Work item
Across all the entries, tally the lines holding the word "Best", and give the number by itself.

Data supplied

==========

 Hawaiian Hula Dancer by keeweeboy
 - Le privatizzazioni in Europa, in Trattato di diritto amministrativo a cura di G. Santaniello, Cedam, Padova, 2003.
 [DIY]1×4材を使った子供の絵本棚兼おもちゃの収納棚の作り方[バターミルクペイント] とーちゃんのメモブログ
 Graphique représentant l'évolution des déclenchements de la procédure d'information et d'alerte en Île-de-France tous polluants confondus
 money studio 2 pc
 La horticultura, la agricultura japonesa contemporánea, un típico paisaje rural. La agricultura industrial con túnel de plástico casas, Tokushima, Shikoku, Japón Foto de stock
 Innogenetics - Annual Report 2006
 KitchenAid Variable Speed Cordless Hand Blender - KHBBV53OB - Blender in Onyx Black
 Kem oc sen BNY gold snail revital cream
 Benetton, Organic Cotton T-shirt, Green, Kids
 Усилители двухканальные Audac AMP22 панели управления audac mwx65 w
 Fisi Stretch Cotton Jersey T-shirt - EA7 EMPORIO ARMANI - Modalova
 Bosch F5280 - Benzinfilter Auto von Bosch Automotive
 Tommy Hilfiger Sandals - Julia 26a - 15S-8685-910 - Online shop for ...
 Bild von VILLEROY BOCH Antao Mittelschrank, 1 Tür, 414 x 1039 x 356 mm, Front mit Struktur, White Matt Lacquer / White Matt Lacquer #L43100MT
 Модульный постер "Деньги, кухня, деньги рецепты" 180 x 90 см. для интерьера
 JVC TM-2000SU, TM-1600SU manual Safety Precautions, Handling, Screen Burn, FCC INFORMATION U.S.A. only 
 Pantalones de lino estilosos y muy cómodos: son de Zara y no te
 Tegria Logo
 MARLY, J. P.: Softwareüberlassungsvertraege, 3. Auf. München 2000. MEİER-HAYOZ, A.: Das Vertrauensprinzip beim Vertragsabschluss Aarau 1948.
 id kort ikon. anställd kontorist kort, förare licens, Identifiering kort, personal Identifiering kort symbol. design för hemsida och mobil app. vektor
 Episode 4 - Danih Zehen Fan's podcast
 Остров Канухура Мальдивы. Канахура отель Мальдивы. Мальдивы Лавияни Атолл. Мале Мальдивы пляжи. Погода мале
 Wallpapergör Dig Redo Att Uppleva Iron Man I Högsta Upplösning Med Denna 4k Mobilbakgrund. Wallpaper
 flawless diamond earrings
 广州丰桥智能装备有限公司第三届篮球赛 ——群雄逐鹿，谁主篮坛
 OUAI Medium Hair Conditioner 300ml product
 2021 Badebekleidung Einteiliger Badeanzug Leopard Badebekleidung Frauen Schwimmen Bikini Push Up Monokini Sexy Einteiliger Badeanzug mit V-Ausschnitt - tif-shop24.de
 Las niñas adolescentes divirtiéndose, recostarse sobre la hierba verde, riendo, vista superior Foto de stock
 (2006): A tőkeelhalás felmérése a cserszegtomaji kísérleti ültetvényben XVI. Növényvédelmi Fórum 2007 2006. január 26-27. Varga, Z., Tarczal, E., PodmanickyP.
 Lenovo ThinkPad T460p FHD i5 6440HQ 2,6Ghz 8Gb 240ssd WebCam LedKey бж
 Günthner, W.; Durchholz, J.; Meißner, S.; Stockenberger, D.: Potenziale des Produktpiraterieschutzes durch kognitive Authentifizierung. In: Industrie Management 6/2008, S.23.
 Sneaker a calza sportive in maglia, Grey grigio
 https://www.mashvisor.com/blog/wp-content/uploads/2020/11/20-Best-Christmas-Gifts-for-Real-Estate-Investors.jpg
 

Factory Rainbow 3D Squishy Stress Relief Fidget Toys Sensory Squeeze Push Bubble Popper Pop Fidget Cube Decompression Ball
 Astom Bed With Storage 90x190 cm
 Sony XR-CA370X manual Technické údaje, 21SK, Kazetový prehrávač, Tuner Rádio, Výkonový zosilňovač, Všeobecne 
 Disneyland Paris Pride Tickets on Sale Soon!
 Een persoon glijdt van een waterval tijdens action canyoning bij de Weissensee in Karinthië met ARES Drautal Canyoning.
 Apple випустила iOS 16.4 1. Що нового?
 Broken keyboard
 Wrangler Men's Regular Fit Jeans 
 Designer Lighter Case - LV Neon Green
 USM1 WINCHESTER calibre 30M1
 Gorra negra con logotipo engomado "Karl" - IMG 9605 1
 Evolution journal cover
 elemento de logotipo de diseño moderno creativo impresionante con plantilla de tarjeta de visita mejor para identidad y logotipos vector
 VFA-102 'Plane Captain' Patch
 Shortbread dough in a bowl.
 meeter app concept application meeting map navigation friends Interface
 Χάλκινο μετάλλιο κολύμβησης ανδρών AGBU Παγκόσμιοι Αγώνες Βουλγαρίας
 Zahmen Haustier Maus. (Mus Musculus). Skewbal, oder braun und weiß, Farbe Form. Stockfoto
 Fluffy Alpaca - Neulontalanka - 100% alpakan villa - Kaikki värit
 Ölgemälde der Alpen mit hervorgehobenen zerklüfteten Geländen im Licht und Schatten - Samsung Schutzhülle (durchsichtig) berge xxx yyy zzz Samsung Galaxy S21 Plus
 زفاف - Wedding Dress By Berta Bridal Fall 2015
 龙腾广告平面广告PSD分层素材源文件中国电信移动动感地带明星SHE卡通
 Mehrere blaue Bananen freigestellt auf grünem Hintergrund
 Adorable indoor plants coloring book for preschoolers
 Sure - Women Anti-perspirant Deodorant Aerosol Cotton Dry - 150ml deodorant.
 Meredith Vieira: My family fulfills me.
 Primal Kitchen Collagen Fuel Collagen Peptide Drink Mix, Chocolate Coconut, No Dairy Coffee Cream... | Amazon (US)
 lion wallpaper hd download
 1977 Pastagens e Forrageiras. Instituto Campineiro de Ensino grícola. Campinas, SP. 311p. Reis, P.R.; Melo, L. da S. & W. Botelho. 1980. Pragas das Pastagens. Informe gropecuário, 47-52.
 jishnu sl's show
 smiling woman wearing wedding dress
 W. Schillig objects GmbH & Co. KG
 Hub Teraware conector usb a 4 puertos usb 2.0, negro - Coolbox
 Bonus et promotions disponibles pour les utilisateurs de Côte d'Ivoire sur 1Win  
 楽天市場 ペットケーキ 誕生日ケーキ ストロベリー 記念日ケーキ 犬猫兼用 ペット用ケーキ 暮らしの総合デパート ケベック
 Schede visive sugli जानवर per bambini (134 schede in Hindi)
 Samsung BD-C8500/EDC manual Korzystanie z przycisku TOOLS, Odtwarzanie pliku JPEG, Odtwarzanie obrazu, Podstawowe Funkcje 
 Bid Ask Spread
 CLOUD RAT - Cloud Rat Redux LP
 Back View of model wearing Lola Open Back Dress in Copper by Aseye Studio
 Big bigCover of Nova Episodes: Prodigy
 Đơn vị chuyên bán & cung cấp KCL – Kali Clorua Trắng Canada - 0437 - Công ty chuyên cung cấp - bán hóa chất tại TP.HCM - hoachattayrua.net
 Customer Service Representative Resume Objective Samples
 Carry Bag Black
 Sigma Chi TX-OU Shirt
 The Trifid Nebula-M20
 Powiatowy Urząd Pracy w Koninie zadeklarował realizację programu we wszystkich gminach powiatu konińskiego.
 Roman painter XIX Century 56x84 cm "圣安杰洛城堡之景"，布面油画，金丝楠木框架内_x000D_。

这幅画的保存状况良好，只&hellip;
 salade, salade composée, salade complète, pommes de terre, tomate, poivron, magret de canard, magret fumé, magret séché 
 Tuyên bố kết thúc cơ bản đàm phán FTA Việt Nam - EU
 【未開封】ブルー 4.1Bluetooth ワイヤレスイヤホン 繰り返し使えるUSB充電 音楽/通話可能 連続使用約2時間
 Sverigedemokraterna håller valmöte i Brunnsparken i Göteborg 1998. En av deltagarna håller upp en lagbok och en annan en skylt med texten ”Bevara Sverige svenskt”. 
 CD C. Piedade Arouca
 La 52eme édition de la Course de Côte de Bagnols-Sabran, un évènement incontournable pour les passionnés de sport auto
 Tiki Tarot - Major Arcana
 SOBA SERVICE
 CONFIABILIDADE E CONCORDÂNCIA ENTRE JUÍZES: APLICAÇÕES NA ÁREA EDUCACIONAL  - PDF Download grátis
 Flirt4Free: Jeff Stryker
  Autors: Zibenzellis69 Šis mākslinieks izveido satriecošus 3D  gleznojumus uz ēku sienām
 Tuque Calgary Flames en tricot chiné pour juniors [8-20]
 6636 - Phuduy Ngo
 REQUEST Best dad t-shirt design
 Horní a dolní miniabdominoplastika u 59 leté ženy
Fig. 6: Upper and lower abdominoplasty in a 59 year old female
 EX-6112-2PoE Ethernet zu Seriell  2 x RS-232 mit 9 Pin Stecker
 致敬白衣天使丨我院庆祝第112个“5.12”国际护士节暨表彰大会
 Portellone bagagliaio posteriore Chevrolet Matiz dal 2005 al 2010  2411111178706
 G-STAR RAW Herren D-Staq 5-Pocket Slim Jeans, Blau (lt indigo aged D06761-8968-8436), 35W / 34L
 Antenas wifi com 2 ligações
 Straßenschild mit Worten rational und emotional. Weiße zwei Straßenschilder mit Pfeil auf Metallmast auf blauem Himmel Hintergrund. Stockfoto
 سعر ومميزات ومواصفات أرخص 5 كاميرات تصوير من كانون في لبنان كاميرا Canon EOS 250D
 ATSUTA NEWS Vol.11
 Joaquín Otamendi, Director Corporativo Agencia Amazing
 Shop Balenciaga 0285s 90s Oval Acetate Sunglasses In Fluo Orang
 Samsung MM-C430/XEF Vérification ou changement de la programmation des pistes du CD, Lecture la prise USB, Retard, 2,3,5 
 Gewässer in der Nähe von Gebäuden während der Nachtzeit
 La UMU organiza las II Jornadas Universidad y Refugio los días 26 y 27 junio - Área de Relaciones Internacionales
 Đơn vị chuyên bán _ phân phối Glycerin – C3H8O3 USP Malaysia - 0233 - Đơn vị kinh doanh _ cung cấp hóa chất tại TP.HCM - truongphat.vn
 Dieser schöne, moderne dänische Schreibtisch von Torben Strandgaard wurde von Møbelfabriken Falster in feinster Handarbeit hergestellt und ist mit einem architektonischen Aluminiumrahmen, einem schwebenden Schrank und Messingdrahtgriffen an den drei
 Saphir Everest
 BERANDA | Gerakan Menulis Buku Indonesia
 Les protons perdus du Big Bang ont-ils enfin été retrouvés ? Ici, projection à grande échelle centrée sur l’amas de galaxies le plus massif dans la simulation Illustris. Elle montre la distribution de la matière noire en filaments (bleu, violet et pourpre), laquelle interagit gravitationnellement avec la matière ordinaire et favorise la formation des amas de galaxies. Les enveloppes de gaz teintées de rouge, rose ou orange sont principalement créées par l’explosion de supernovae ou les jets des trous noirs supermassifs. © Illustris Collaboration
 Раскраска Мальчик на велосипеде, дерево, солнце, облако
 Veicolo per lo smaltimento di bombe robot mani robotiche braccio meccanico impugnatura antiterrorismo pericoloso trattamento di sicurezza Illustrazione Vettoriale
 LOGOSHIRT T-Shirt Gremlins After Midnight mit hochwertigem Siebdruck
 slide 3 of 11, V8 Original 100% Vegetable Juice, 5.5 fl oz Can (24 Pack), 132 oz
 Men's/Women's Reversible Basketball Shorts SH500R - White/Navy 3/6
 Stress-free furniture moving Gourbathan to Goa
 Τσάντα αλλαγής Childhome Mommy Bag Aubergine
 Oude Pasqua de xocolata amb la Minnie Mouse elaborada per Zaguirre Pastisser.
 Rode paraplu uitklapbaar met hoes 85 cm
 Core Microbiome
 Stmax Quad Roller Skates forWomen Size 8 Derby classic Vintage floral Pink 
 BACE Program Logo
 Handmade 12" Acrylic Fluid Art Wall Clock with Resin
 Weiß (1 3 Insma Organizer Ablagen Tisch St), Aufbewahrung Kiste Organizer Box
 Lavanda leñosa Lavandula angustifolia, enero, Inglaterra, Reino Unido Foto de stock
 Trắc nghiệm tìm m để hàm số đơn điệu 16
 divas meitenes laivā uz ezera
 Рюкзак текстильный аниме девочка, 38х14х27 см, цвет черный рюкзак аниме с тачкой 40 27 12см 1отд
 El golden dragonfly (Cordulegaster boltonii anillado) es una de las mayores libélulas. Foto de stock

==========

Response to this task
2